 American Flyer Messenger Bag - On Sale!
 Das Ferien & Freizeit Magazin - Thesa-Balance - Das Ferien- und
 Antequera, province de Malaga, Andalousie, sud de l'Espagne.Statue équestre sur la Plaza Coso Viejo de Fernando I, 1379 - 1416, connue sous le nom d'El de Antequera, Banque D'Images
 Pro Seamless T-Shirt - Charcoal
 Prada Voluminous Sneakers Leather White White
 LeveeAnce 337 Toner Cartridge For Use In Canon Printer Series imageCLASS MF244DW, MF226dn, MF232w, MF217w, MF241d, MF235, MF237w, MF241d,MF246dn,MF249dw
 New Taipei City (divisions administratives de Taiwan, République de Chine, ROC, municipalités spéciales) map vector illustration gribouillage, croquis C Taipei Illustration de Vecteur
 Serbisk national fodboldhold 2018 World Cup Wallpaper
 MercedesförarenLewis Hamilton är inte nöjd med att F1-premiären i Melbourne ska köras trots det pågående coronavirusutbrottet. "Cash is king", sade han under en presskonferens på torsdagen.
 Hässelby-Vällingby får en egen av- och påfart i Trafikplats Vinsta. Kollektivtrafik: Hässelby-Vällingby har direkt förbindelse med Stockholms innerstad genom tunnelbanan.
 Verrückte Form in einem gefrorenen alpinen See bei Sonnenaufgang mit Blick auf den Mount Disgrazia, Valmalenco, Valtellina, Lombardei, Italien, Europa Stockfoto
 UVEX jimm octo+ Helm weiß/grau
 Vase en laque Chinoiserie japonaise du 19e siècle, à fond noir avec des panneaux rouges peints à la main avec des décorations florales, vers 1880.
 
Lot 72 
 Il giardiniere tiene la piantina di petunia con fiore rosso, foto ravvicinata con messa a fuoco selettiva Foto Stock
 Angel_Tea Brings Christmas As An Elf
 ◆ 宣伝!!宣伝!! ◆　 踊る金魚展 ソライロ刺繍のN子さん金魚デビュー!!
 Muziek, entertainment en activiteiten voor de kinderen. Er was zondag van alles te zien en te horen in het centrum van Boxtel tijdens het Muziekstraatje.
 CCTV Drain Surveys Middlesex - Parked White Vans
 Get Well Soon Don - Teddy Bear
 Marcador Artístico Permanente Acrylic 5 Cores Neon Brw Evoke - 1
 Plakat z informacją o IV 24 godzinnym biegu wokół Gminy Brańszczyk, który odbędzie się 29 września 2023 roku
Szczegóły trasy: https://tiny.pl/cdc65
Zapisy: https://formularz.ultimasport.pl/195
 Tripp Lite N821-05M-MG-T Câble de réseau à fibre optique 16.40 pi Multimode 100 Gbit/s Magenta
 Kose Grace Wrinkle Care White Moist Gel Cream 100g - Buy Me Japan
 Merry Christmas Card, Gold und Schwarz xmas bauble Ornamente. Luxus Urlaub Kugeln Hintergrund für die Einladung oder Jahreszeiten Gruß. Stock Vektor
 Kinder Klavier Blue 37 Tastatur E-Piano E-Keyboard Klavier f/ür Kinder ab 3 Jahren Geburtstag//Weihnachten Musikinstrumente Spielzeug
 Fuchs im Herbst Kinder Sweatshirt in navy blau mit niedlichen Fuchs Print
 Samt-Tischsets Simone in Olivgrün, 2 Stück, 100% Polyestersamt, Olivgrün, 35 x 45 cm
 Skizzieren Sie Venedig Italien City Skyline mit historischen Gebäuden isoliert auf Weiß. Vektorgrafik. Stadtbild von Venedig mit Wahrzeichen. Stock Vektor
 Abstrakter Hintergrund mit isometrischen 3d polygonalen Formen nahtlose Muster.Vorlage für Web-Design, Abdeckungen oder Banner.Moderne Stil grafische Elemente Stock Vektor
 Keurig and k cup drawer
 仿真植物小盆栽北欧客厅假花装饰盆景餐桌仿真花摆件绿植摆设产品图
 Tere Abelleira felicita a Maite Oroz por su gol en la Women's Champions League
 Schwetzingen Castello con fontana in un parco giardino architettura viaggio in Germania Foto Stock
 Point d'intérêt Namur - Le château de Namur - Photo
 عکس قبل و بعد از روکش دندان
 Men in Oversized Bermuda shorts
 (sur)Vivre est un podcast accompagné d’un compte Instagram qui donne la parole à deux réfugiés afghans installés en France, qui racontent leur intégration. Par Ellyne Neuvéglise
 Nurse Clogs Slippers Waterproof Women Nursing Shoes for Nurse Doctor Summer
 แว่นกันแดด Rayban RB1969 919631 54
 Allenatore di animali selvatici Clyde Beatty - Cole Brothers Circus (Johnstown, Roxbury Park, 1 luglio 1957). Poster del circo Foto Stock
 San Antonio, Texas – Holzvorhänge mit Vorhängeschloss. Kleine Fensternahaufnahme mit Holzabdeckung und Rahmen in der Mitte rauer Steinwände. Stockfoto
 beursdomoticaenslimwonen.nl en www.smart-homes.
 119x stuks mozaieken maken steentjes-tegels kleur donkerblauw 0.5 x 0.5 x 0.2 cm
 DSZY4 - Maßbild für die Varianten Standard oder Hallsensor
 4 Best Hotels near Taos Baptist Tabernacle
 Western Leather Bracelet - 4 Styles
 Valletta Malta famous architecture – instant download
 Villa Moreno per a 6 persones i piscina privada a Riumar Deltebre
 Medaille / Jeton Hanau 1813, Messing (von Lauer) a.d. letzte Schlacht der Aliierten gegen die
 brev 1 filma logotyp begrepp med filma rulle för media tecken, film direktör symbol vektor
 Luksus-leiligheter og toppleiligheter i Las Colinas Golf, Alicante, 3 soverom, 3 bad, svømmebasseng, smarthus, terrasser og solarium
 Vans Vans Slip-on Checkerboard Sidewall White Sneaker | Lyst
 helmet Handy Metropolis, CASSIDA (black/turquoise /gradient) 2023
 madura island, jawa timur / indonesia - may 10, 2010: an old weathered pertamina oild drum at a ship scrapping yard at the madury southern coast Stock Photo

# # # # #

Take the records above and return, word for word, only the lines that fall from the line with "San Antonio, Texas" to the line with "brev 1 filma", both of them included.

 San Antonio, Texas – Holzvorhänge mit Vorhängeschloss. Kleine Fensternahaufnahme mit Holzabdeckung und Rahmen in der Mitte rauer Steinwände. Stockfoto
 beursdomoticaenslimwonen.nl en www.smart-homes.
 119x stuks mozaieken maken steentjes-tegels kleur donkerblauw 0.5 x 0.5 x 0.2 cm
 DSZY4 - Maßbild für die Varianten Standard oder Hallsensor
 4 Best Hotels near Taos Baptist Tabernacle
 Western Leather Bracelet - 4 Styles
 Valletta Malta famous architecture – instant download
 Villa Moreno per a 6 persones i piscina privada a Riumar Deltebre
 Medaille / Jeton Hanau 1813, Messing (von Lauer) a.d. letzte Schlacht der Aliierten gegen die
 brev 1 filma logotyp begrepp med filma rulle för media tecken, film direktör symbol vektor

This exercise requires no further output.